The second one is important to us, as we’ll probably shift more and more towards using self-managed stock market funds and bond funds as the years go by. Most financial independence bloggers use the stock market far more than we do to fund their retirements (some examples: jlcollinsnh, Mr Money Mustache, Early Retirement Extreme), but we’re having to gradually build confidence in ourselves and our own psychology when it comes to reacting to market booms and busts.

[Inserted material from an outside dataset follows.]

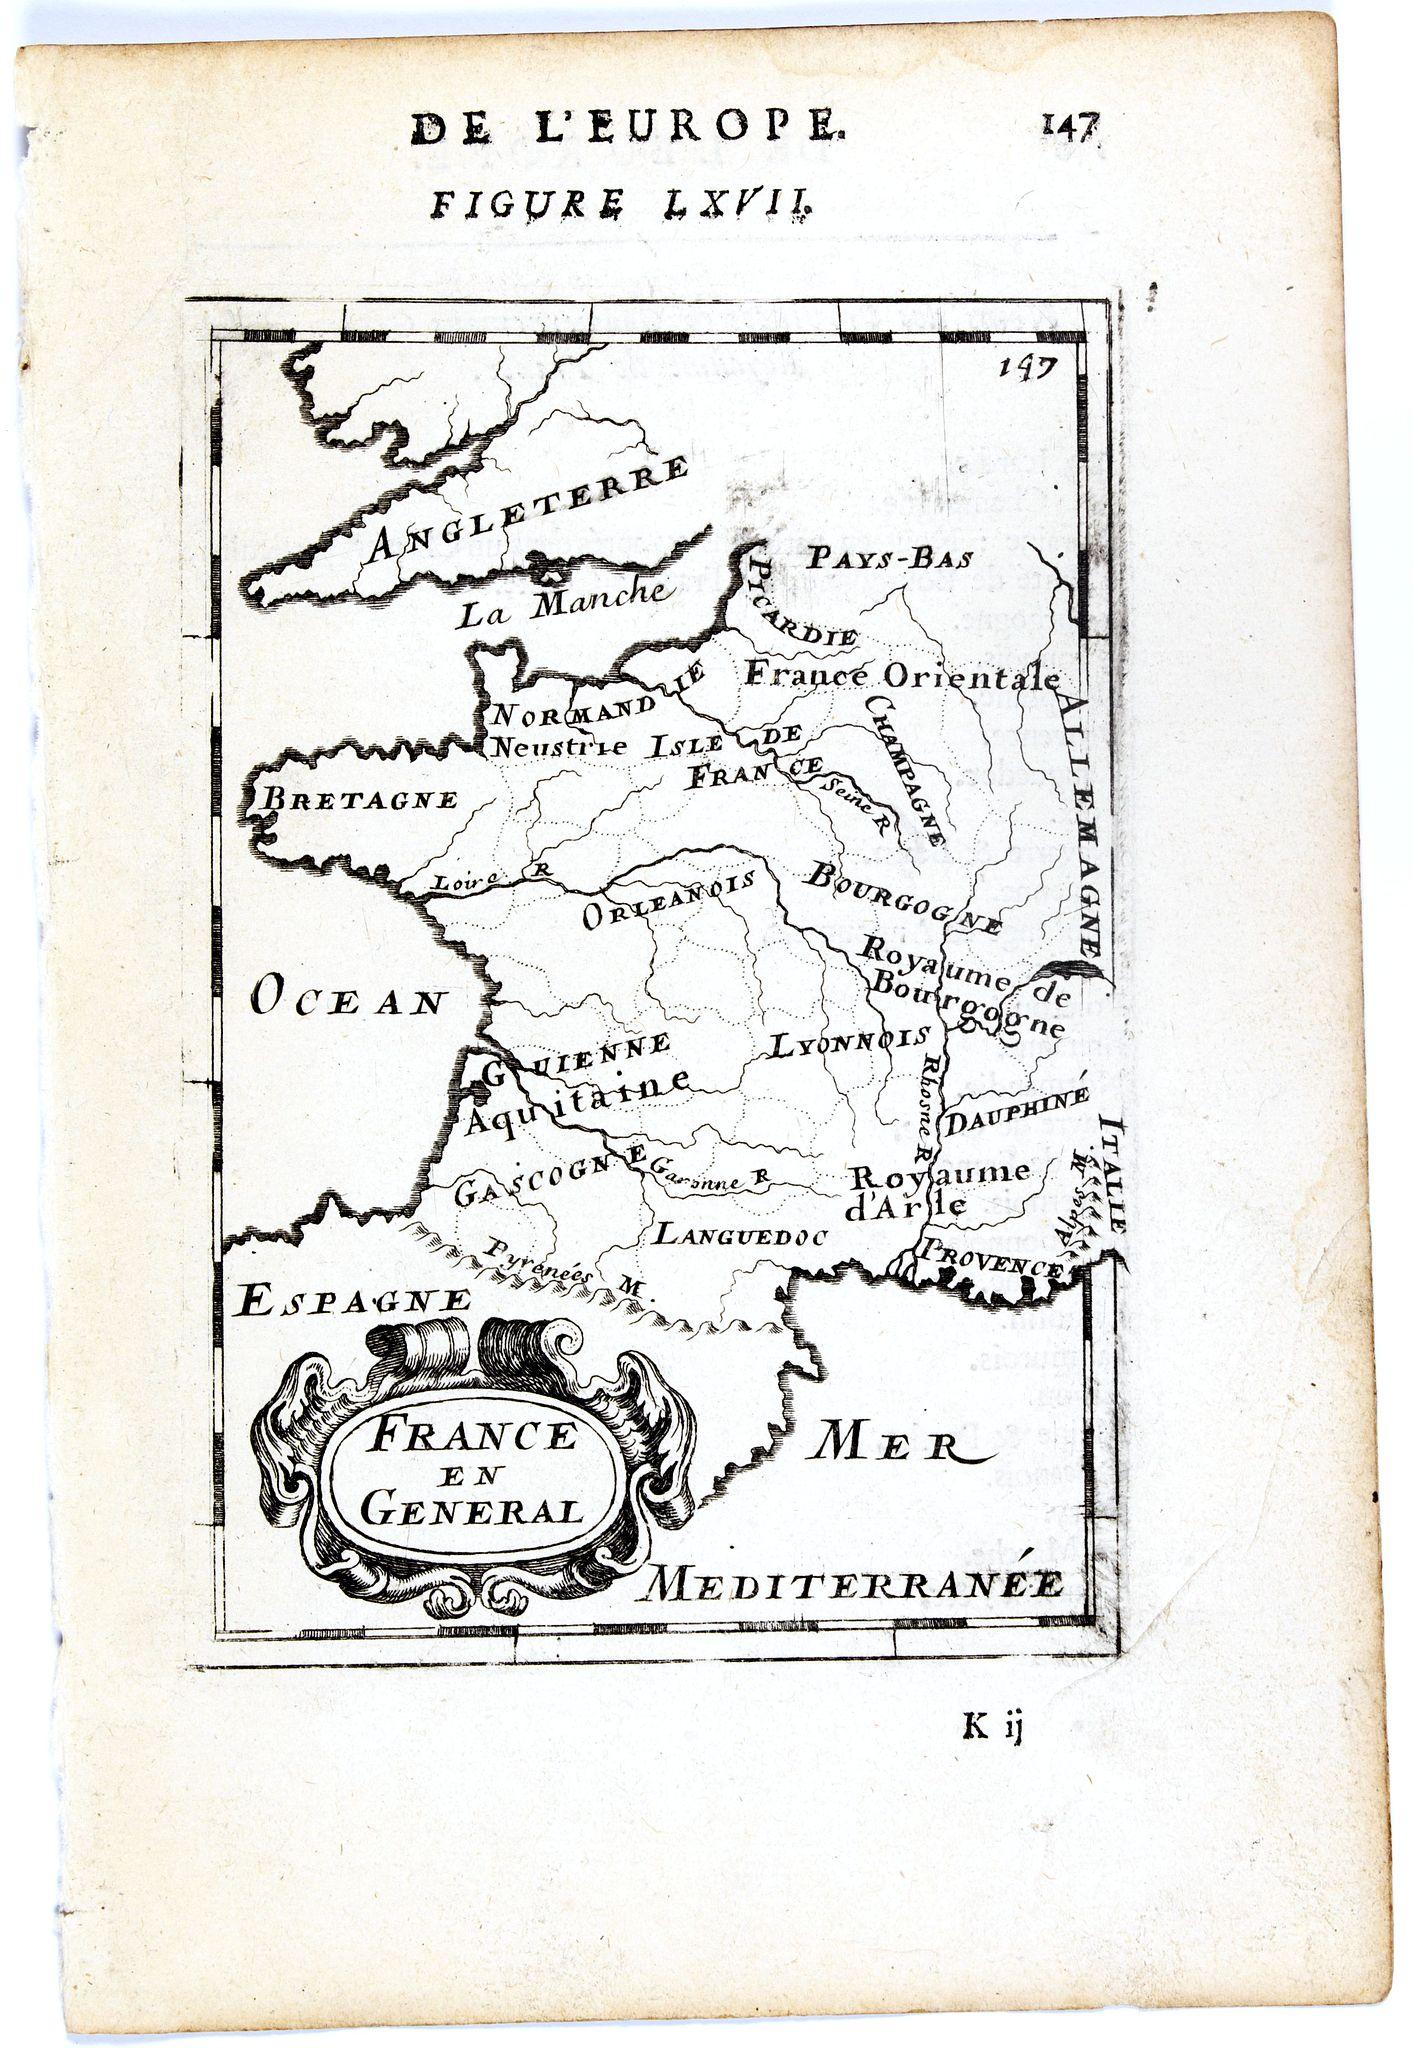 MALLET, A.M. -  France en general. [de l'Europe / Figure LXVII] 147

Despite the horrors, the pandemic has gifted us an opportunity to stress-test our early retirement plan, and so far at least, it’s holding together.

Cheers, Jay

7 replies
    • Jason says:

      Haha! The dog clippers came out at the start of lock down and the beard went, but it has a habit of just coming back again?! I’m enjoying vicarious travel in the US through your blog guys. Cheers, Jay

      Reply
  1. Chris and Peter says:

    Good to hear you are ok, finance wise and more importantly health wise!
    All good here too, but getting very itchy feet….and we”re still stuck even more than you in the UK…

    Reply
  2. Alan Robertson says:

    Hi Jason, with the likes of Virgin, Aldermore Bank and Marcus easy access accounts all drastically lowering interest rates I’d be interested to know, from a real person, how your investment in premium bonds has fared? It strikes me that a gamble for a relatively short period would probably not hurt! Surely it can’t be any worse than 0.80% interest rate, with average luck of course!

    Reply
  3. Richard Bickerton says:

    Hi, Interesting article. I also manage my own investments and have stuck with the hold on and don’t panic strategy. One website I found useful was monevator.com. Like yourselves it very much influenced me towards passive funds. Although I haven’t gone 100% passive, and still have quite a few active funds.